Larry immediately noticed that the frequency of his bowel movements increased — from one every few days to two a day, a welcome change. He reported feeling tired for the first four days of his new regimen, which Dr. Stengler says is not unusual when someone first starts a program for liver health… the body must metabolize the substances being released and that’s extra work. Soon, though, Larry began to see his energy and digestion improve and in two weeks time he felt much better overall and had lost four pounds. By the end of the first month, his breath had freshened and blood work at six weeks showed that his liver enzymes had returned to normal. Larry could now change his regimen, stopping the liver support supplements but continuing with the greens formula for ongoing gentle detox, along with the water consumption and his much-improved diet. He could resume moderate drinking — a few drinks a week, including wine — and will continue to take the supplements for his arthritis.
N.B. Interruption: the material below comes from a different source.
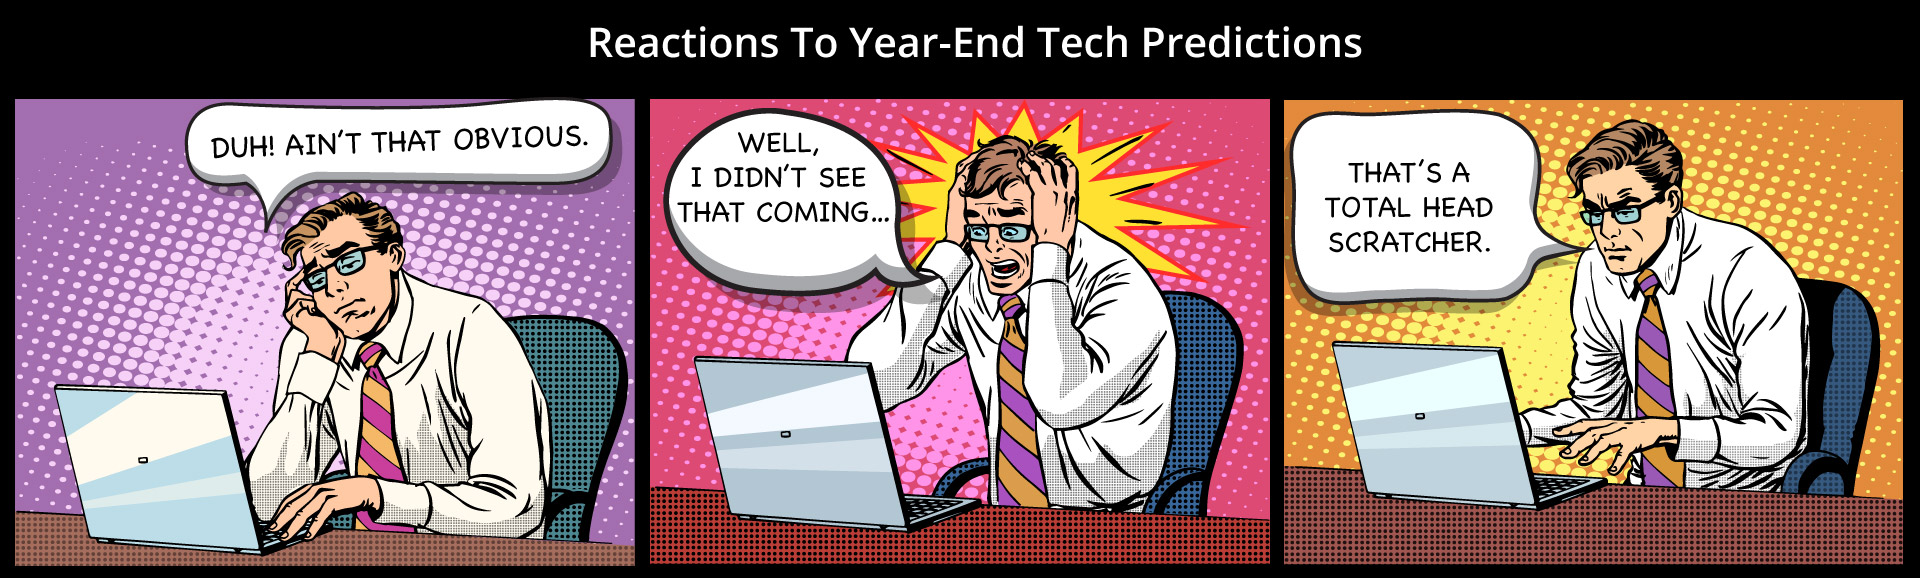 Analyst Predictions: How IT Pros React

Like Larry, many people suffer from suboptimal liver function, says Dr. Stengler. The liver is an immensely busy organ, with numerous responsibilities, including producing bile for digestion, metabolizing glucose from food and storing it as reserve fuel, processing all types of drugs and alcohol, synthesizing cholesterol for production of hormones, and regulating clotting. When the liver is not operating at its best it is often referred to as being sluggish — and a sluggish liver, even if enzymes are only mildly elevated, can’t function as well as it should.
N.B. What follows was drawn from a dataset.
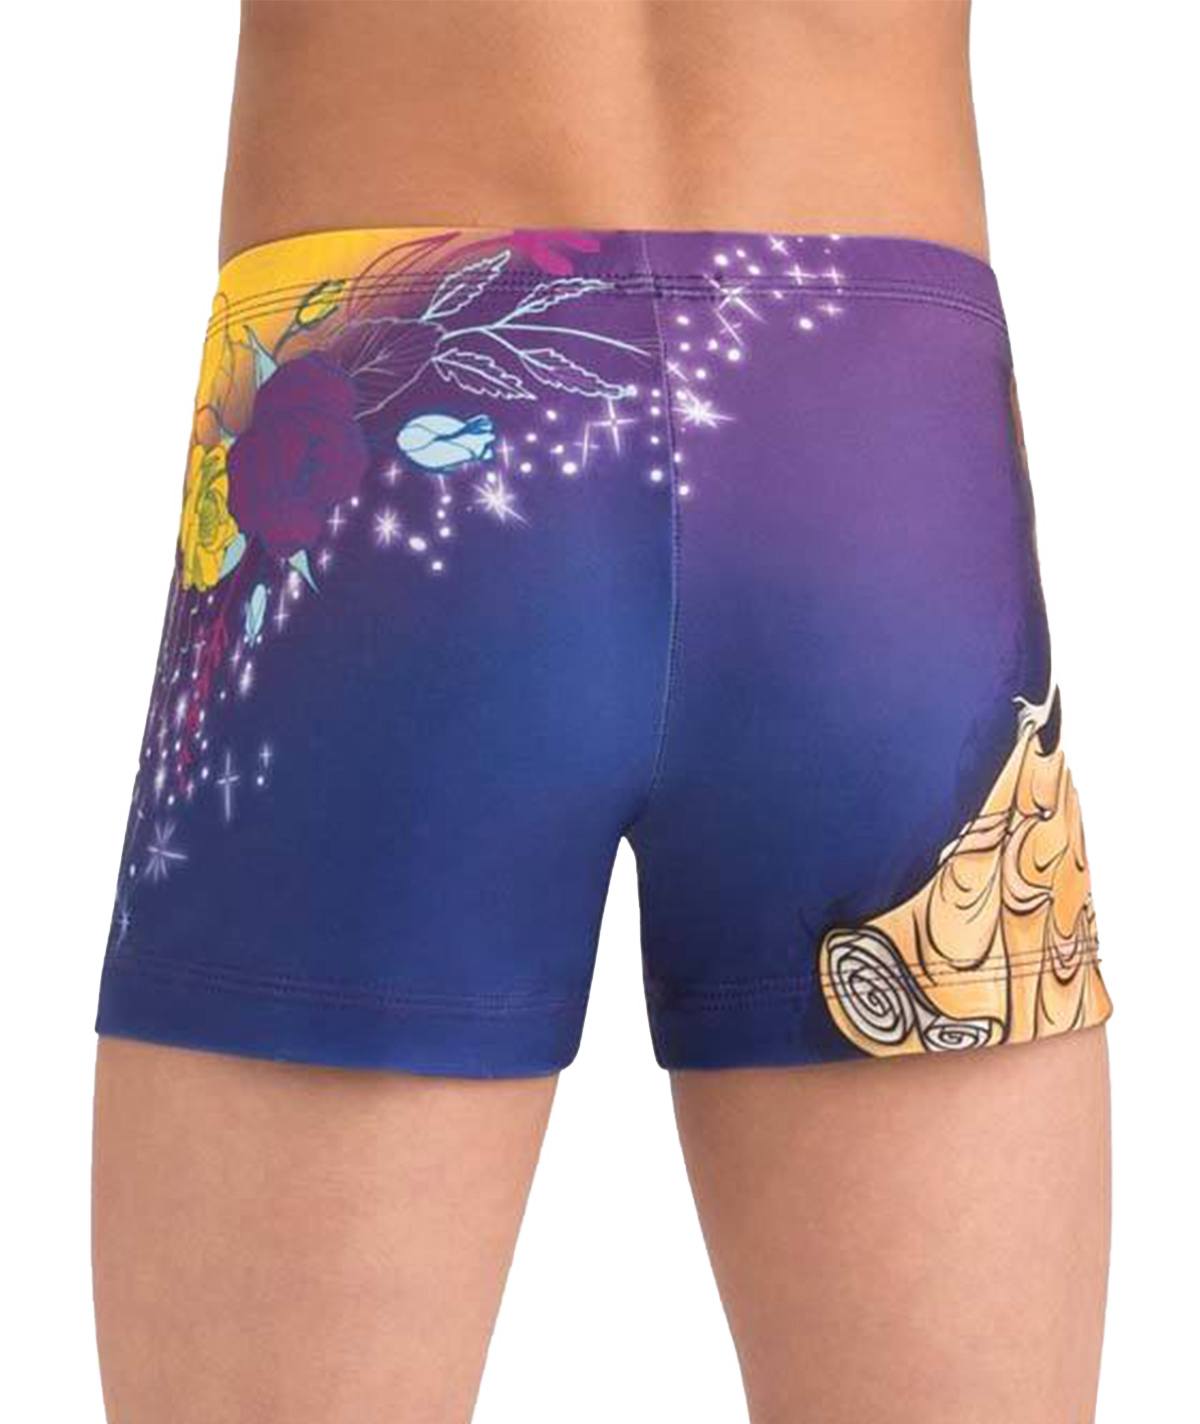 Beauty and the Beast Workout Shorts

Just some of the more frequent symptoms of a sluggish liver are lowered energy, poor digestion, moodiness, unhealthy skin, cold hands and feet, constipation, bloating, bad breath and food sensitivities. Many doctors tend to dismiss elevated liver enzymes as unimportant, preferring to take a watch and wait approach to see if matters worsen before taking action. But Dr. Stengler disagrees with that approach, strongly advising a proactive strategy to bring the liver to optimal functioning. He cautions, however, against the popular “liver flushes” you may hear about from friends or read about online or in magazines. Done over one to three days, these so-called cleanses feature limited and strange food and fluid combinations… some of them can actually make people sick. They can trigger higher than normal bile release, possibly causing gallstones to get lodged in bile ducts. Other possible problems include an overload of wastes in the body that it can’t eliminate and/or eliminating too much. Extreme cleansing can cause people to experience nausea, rashes, headaches and fatigue.
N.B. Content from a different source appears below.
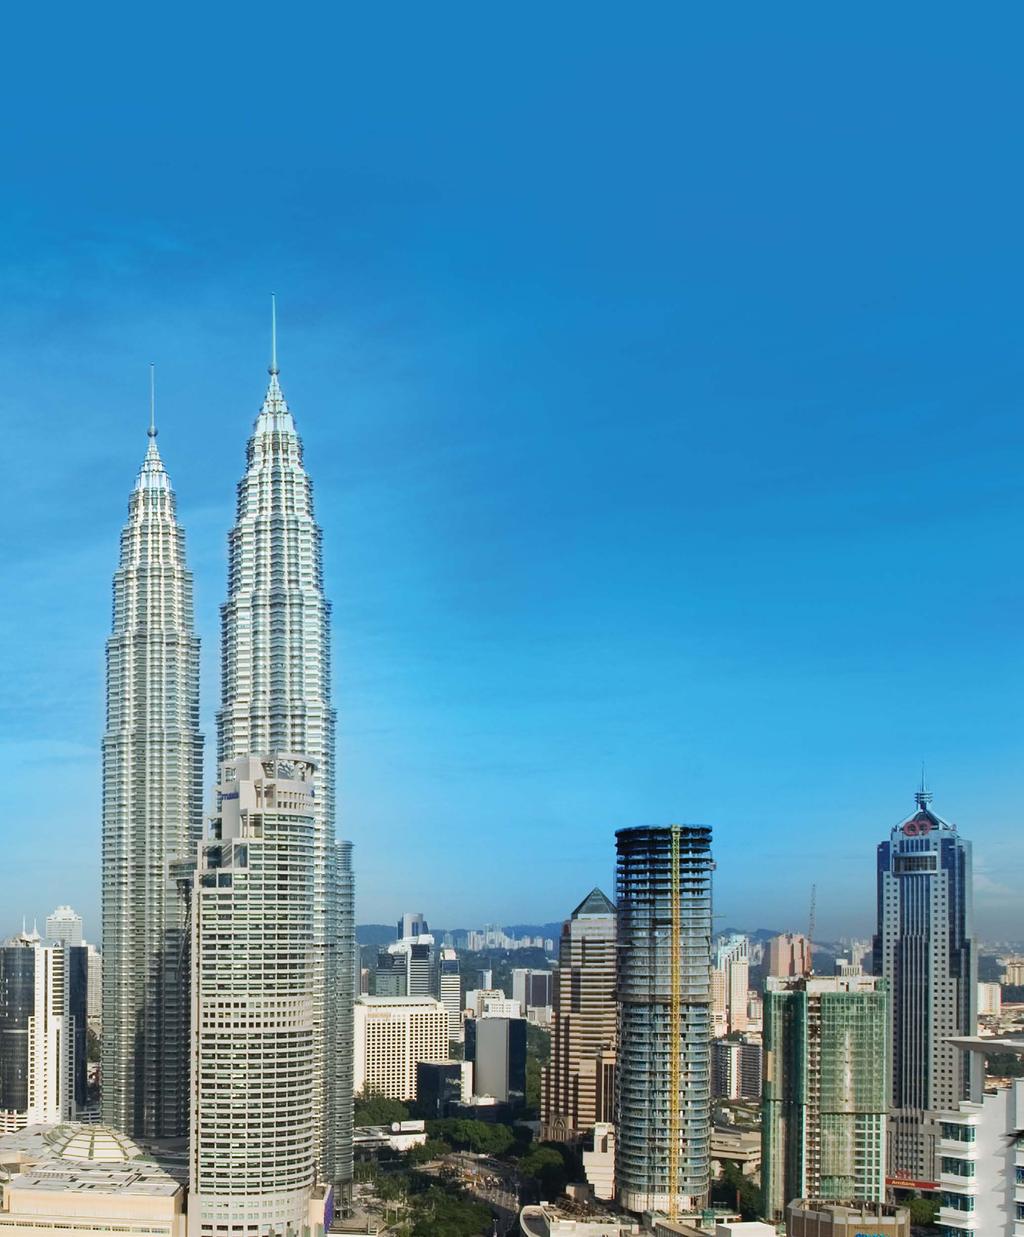 Today, Malaysia enjoys an important market position in Asia, where 60% of the world s population resides.

If your liver could talk, it might sound like the comedian Rodney Dangerfield, protesting “I don’t get no respect.” It’s true that most people focus their health management on avoiding heart disease, stroke and cancer — but would do well to direct some of that attention to keeping the liver well tuned, since it powers all other systems. Most people can achieve this by practicing good health measures as explained above.